I'm so afraid he won't give it to me.  
And I will start dosing again with adderall.

Once an addict , always an addict...
I start seeing a pdoc on Thursday...  So trying to stay strong :)
Helpful - 0
Avatar universal
Methadone was much harder to stop than other opioids . Trading one addiction for an even harder one is a nightmare. The withdrawals from methadone are horrendous . Do some research, speak to an addiction specialist not just a regular dr.
Helpful - 0
6726276 tn?1421126668
Me too. I have 2 diseases that require frequent maintenance surgeries.
  Usually I take 10/325 Norco. Then reduce according to Dr taper. Then jump.
Last time they gave me scripts of Tramadol to be taken with Celebrex.
  I took one dose, then I remembered reading about Tramadol here. So I went back to the Dr and said no way Jose.
  I know what to expect and how to get off opioids. In the old days I refused Vicodin in favor of regular codeine. That's even easier to get off of when it's necessary to take pain meds.
  Tramadol has some weird tricky components.
  I know you have loads of medical problems. But do you also see a Pdoc?
I'm bipolar and more dependent when I take meds. I have bipolar and add.
  Hated adderral. But new Pdoc has me on super low dose of Vyvance.
It's ok. I take it with .025 mg ( use pill cutter) of Klonipin .
  It's my treatment. Plain and simple. I don't abuse either. The quality of my life hAs improved over this last year. ( year before in mental hospital 3 times. Outpatient hospital. And regular hospital twice. 72 days of IV Cubisin.  
   I will also advise NAMI support group. Or DBSA. I've been to both and when I'm in the USa I'm a regular.
  Some people prefer NA or AA. While I'm here in Costa Rica I do my support group online. Here on medhelp. Private message me anytime. I also suffer migranes. I understand     We are all suffering.  All the best to you. Maxy
Helpful - 0
Avatar universal
DEA* ... Not FDA  Kinda out of it right now.  Sorry
Helpful - 0
Avatar universal
I forgot to mention ...  You say tramadol hasn't impacted your life negatively... Well that's the MAIN reason I've had trouble letting it go back n the early stages..
Tramadol made my life WONDERFUL.  Loads of energy and ability to be pain free ...even now ...  
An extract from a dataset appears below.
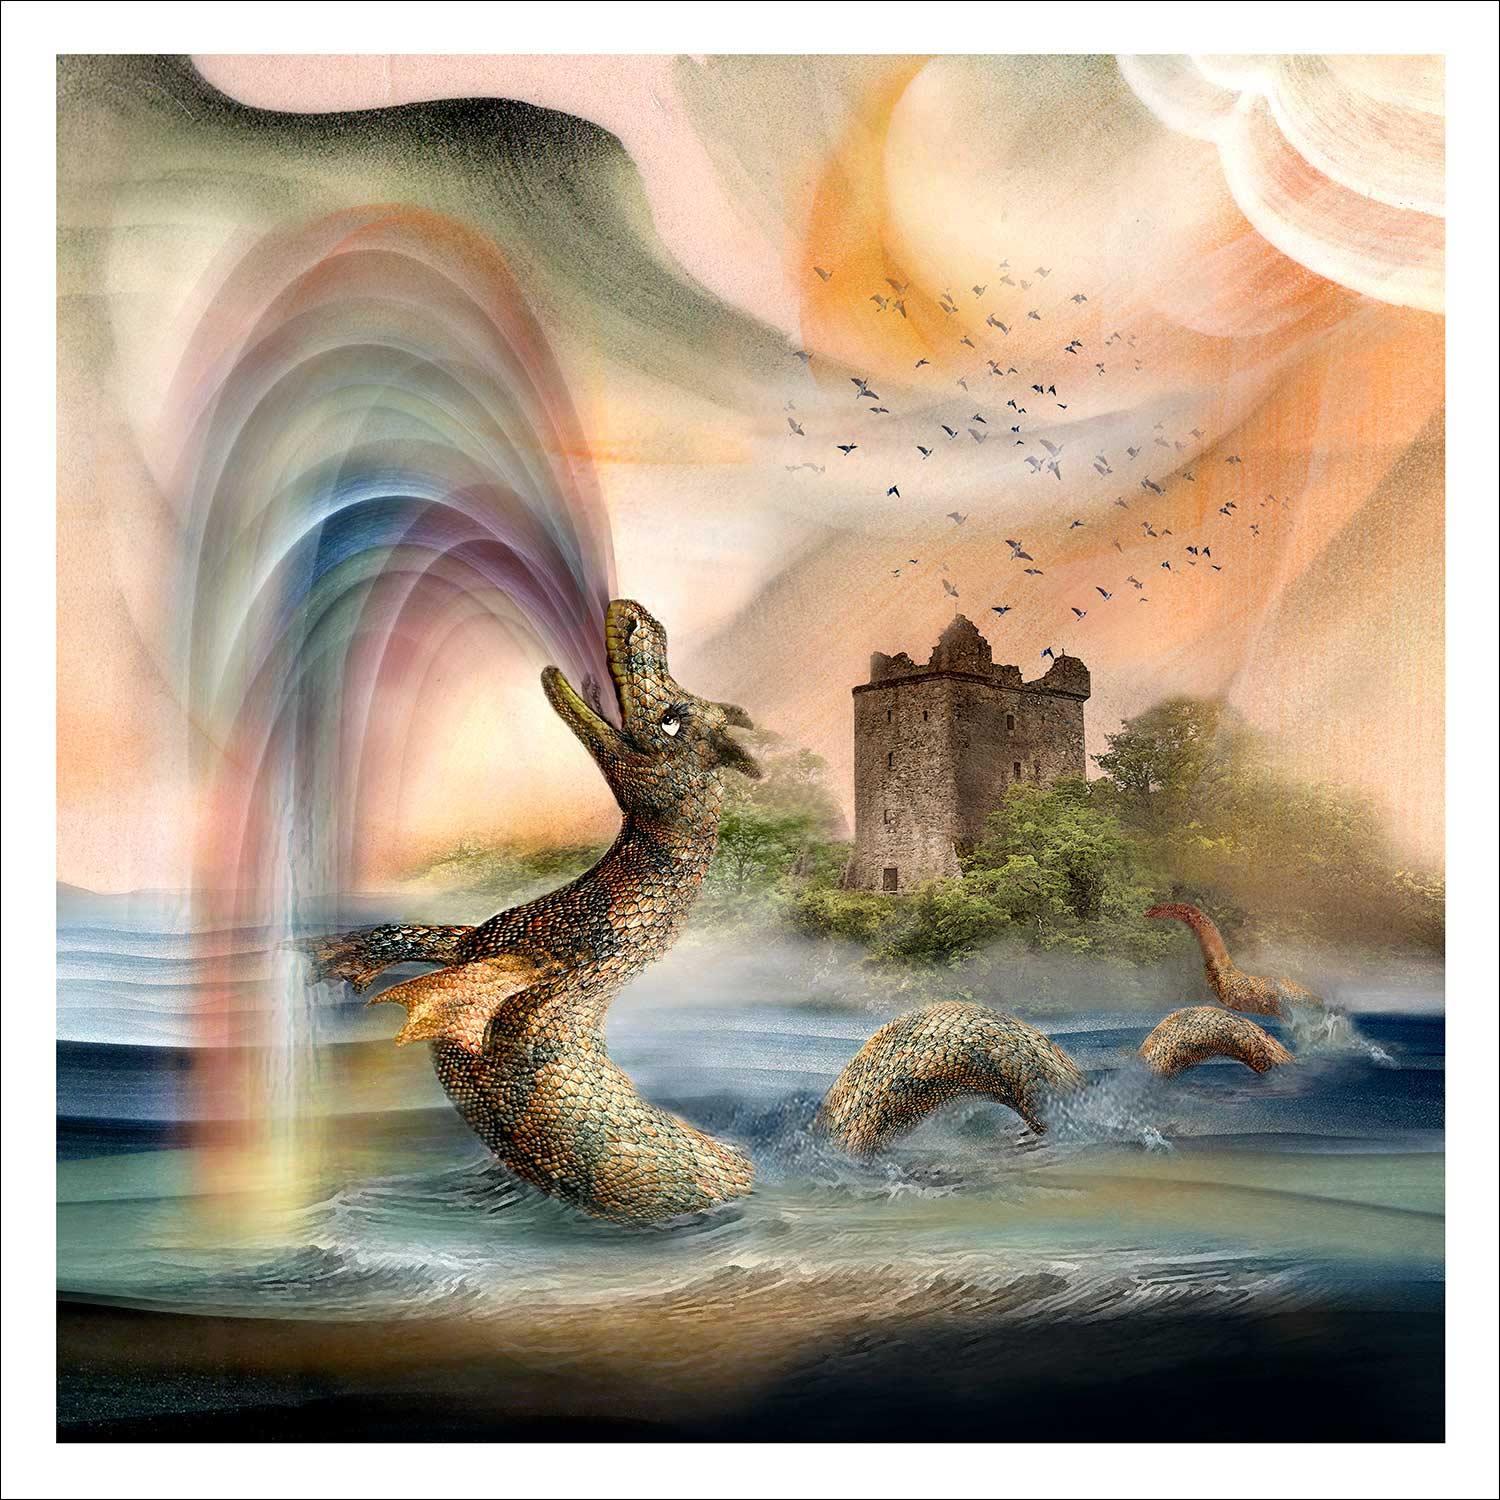 Nessie visits Urquhart Castle Art Print from an original painting by artist Esther Cohen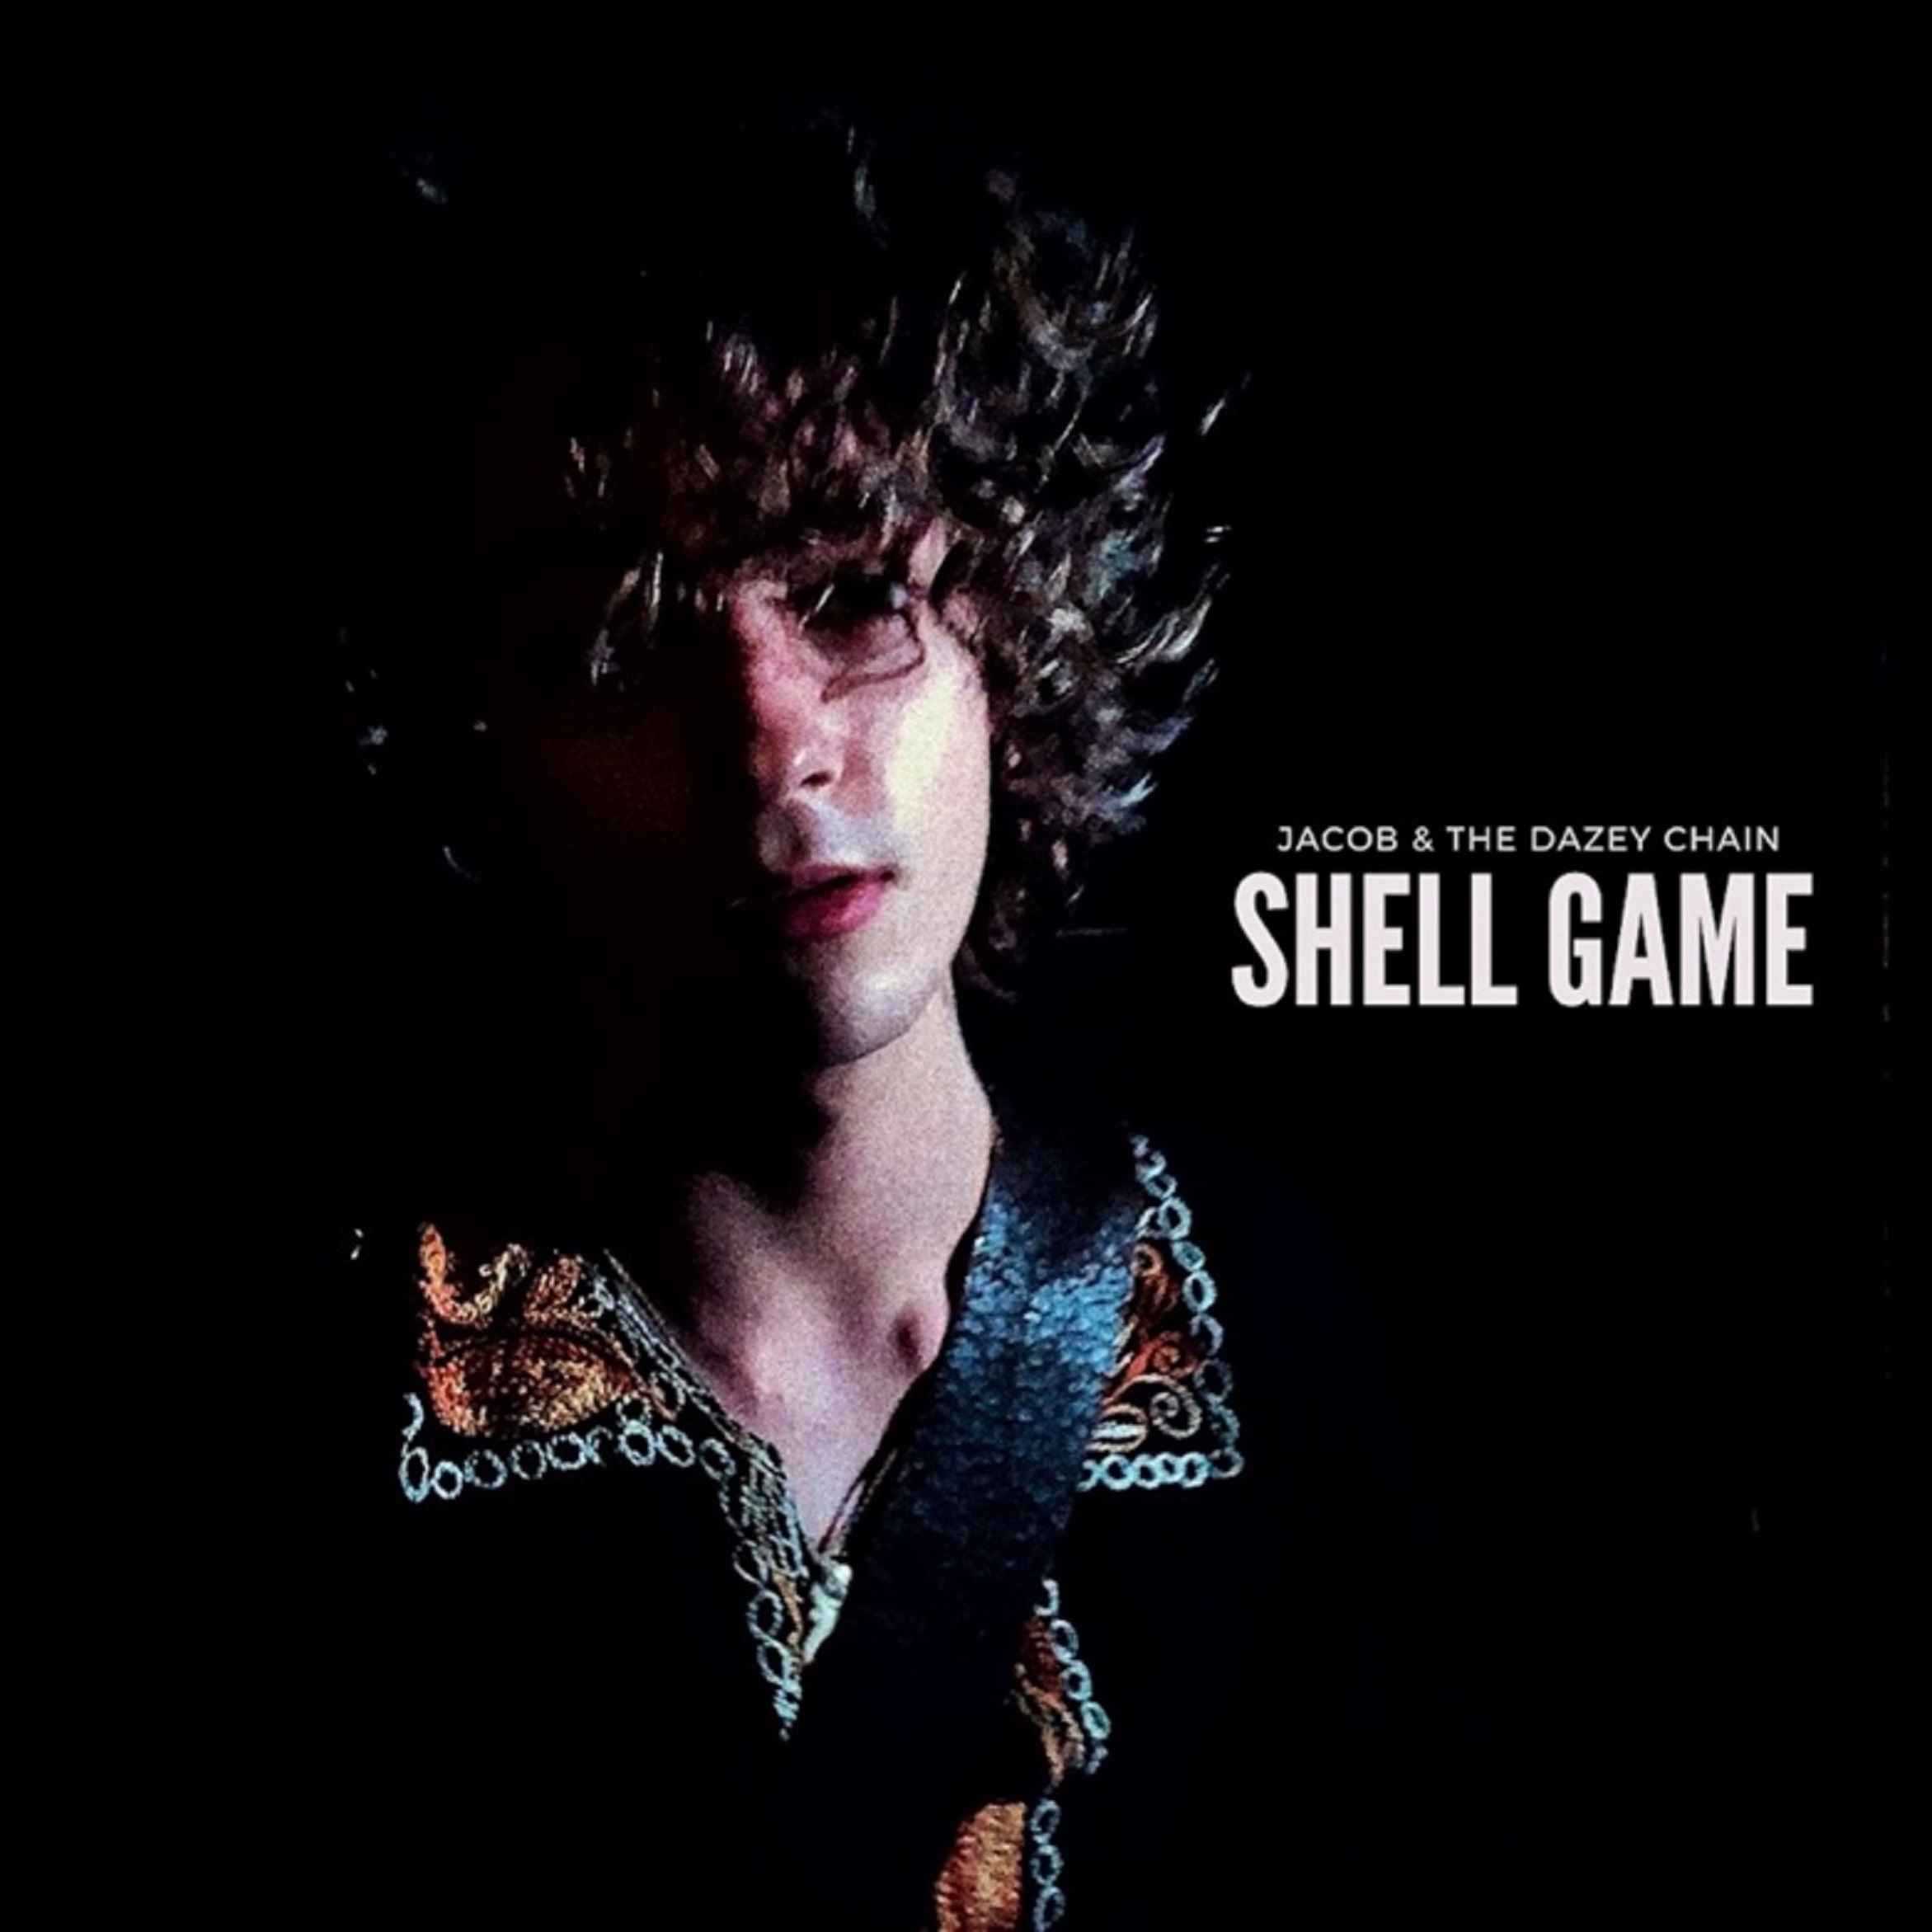 JACOB & THE DAZEY CHAIN Release new single “SHELL GAME”

The ONLY reason it has negatively impacted my life is that I want MORE and more.  Tolerance has built and I can take 10 at a time without batting an eye  and even though I have a pain mgmt doc that gives me 150 per month.  Its not enough. It lasts me a week if I'm careless and if I stretch it I can last 2 weeks.

The negativity in my life is that I take enough to kill a horse..... If I weren't already on seizure meds I probably would've had one by now...  My liver is slightly damaged already from taking so many    but the worst part .. And the reason um trying to give it up is this :

Anxiety over running out and counting the pills.  Can't leave home without them... Constant worry that I'll run out and can't get more.  

When you start counting pills and have anxiety about it.   That's a problem.